# [Task to carry out]
An exact copy of each line below is needed, with no images in it.

*** Opening of Source material ***

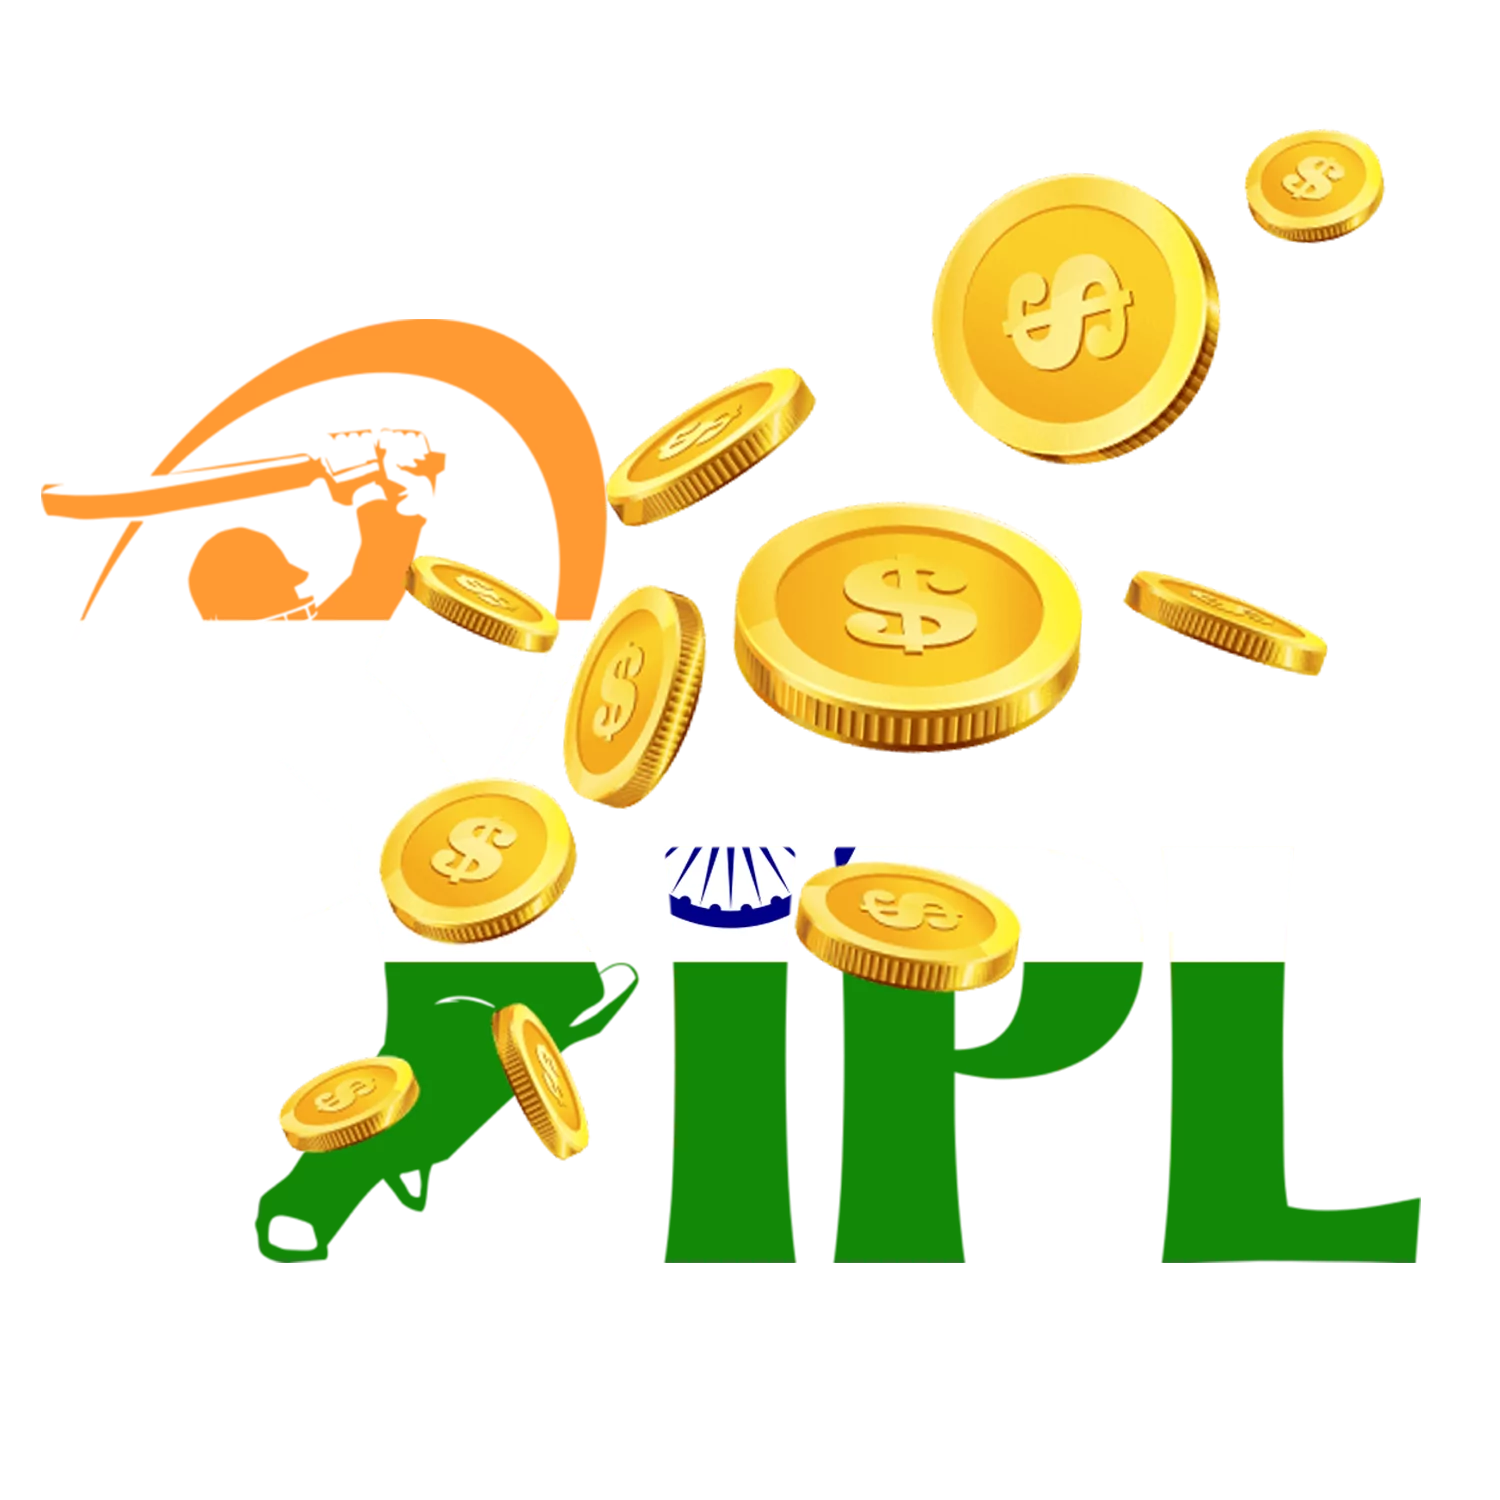 Sign up for your preferred betting webiste and start betting on the IPL events.
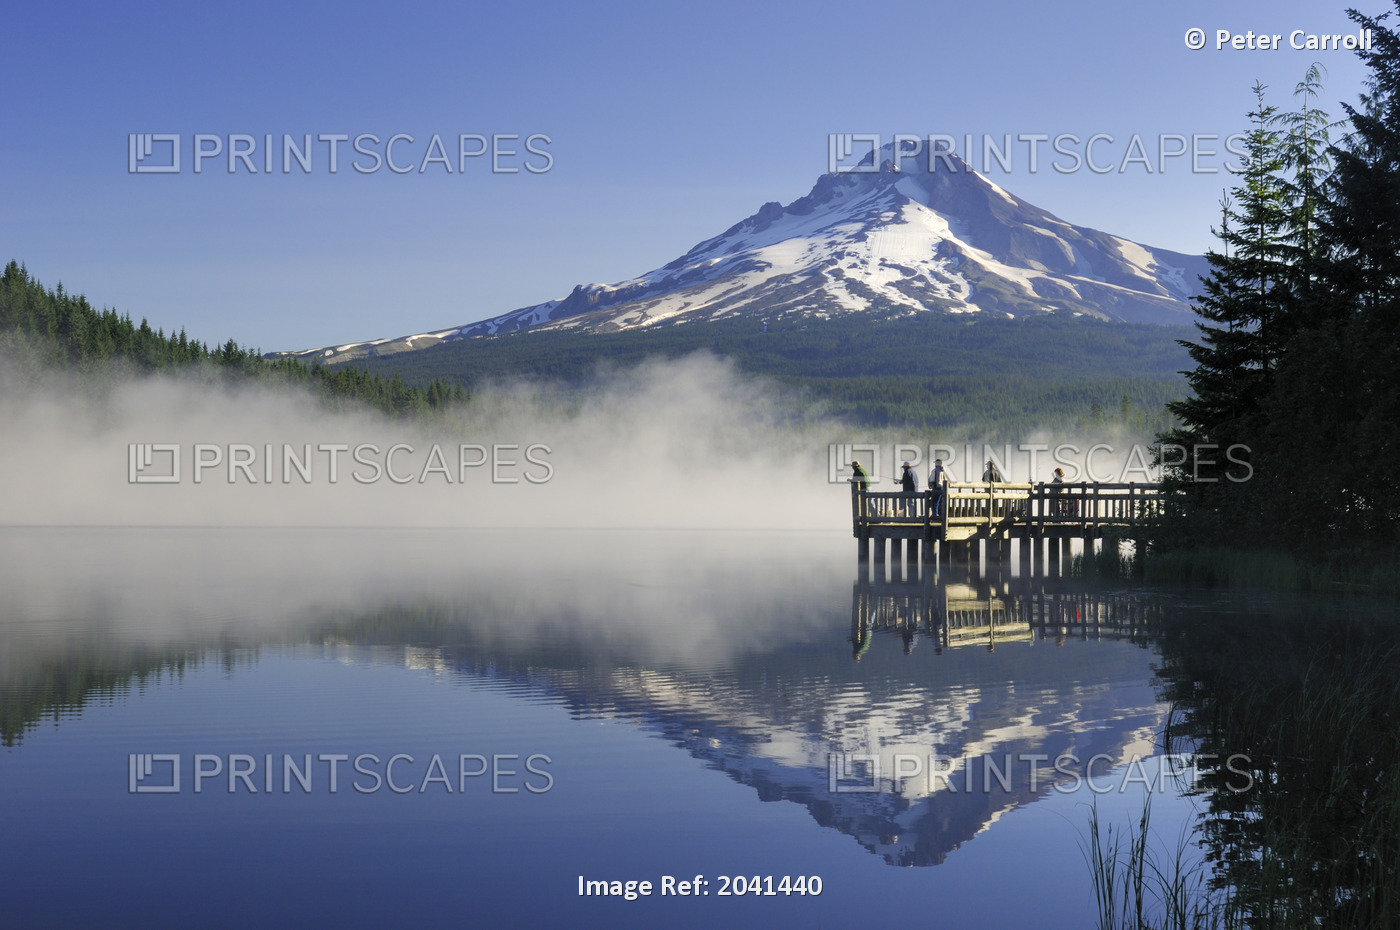 Fishermen Casting From A Dock On A Foggy Morning, Trillium Lake, Oregon
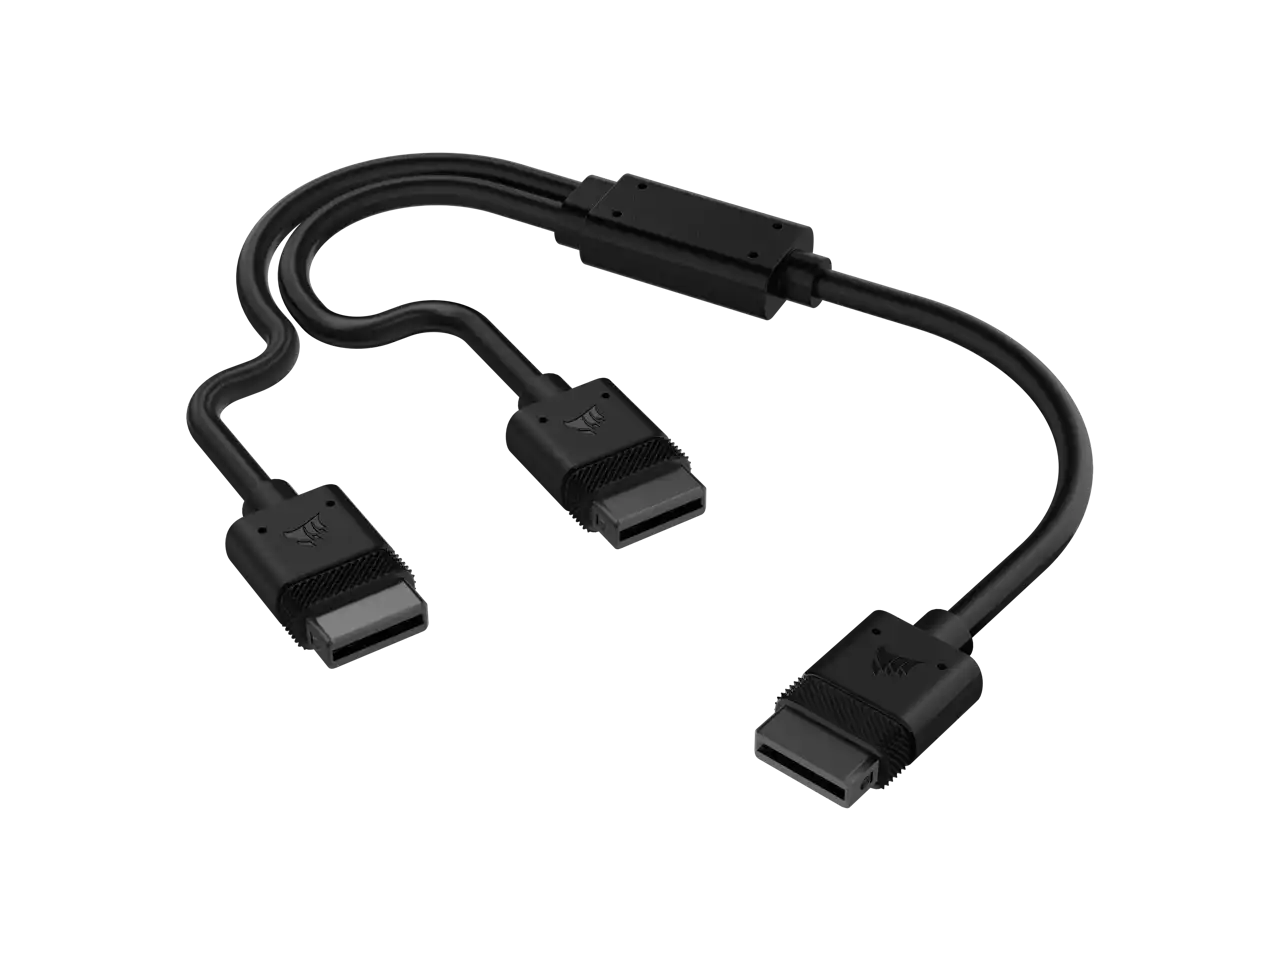 Corsair iCUE LINK Cable, 1x 600mm Y-Cable with Straight connectors, Black|CL-9011124-WW

*** Close of Source material ***

# [Finished task]
 Sign up for your preferred betting webiste and start betting on the IPL events.
 Fishermen Casting From A Dock On A Foggy Morning, Trillium Lake, Oregon
 Corsair iCUE LINK Cable, 1x 600mm Y-Cable with Straight connectors, Black|CL-9011124-WW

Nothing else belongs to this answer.